Data -
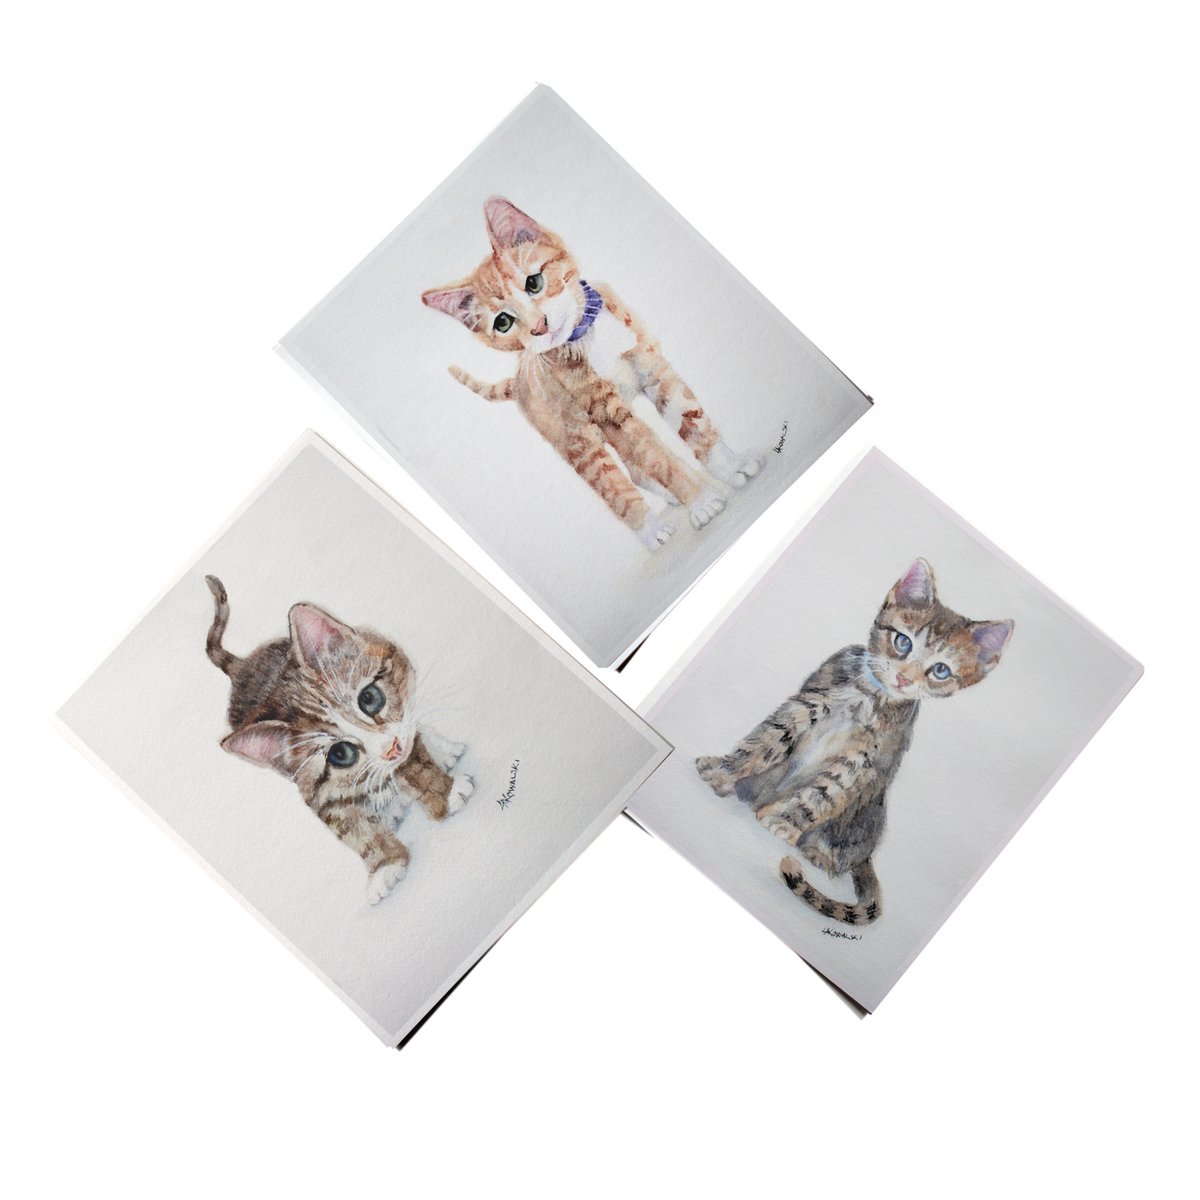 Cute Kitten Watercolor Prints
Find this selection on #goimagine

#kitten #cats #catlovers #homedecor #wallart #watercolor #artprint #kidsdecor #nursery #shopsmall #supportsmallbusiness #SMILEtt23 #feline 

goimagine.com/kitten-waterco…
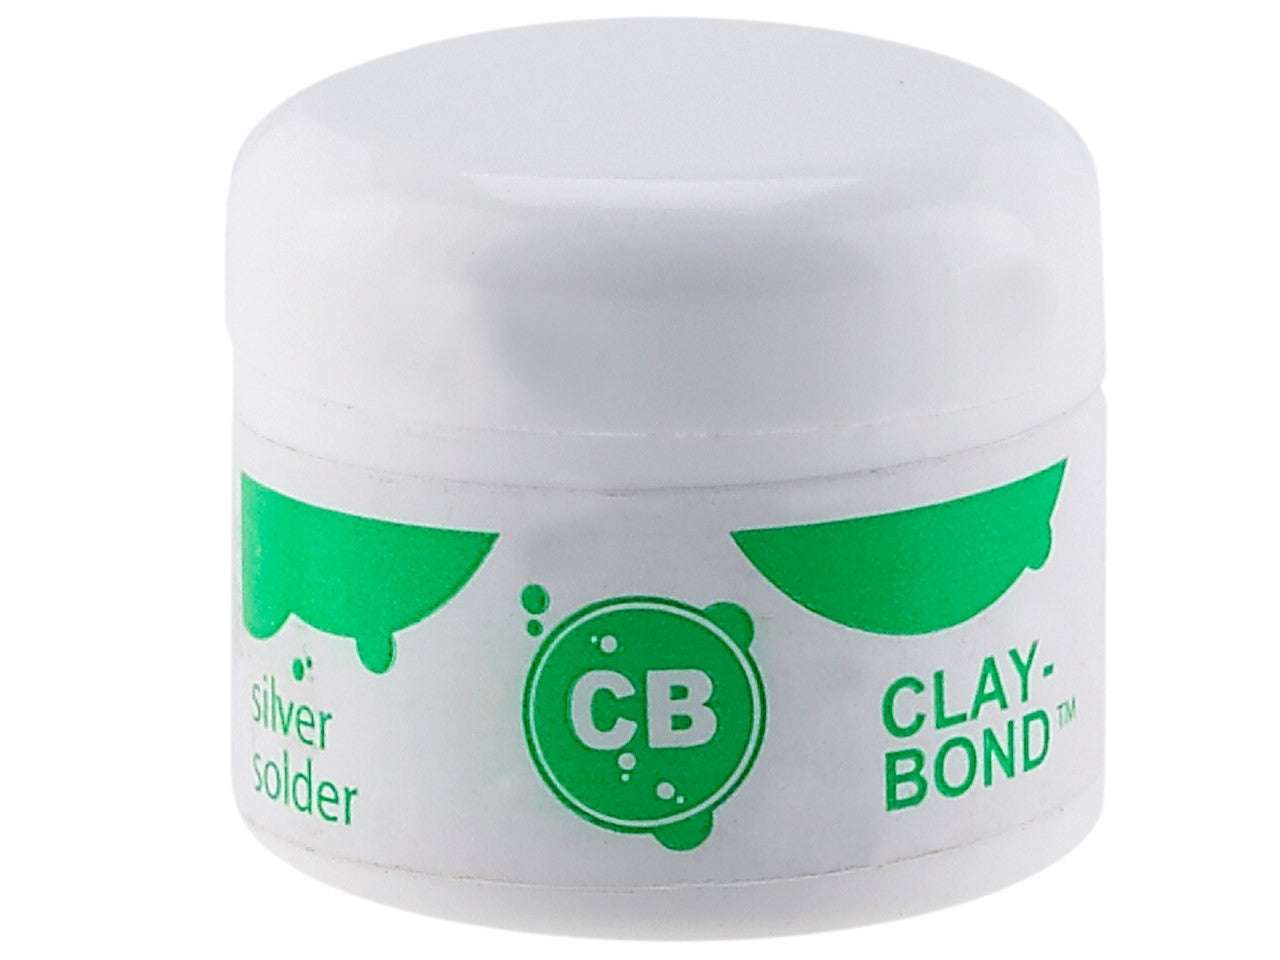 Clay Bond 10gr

Problem details - Print the data exactly as written, dropping any images it holds.

Response area -
 Cute Kitten Watercolor Prints
Find this selection on #goimagine

#kitten #cats #catlovers #homedecor #wallart #watercolor #artprint #kidsdecor #nursery #shopsmall #supportsmallbusiness #SMILEtt23 #feline 

goimagine.com/kitten-waterco…
 Clay Bond 10gr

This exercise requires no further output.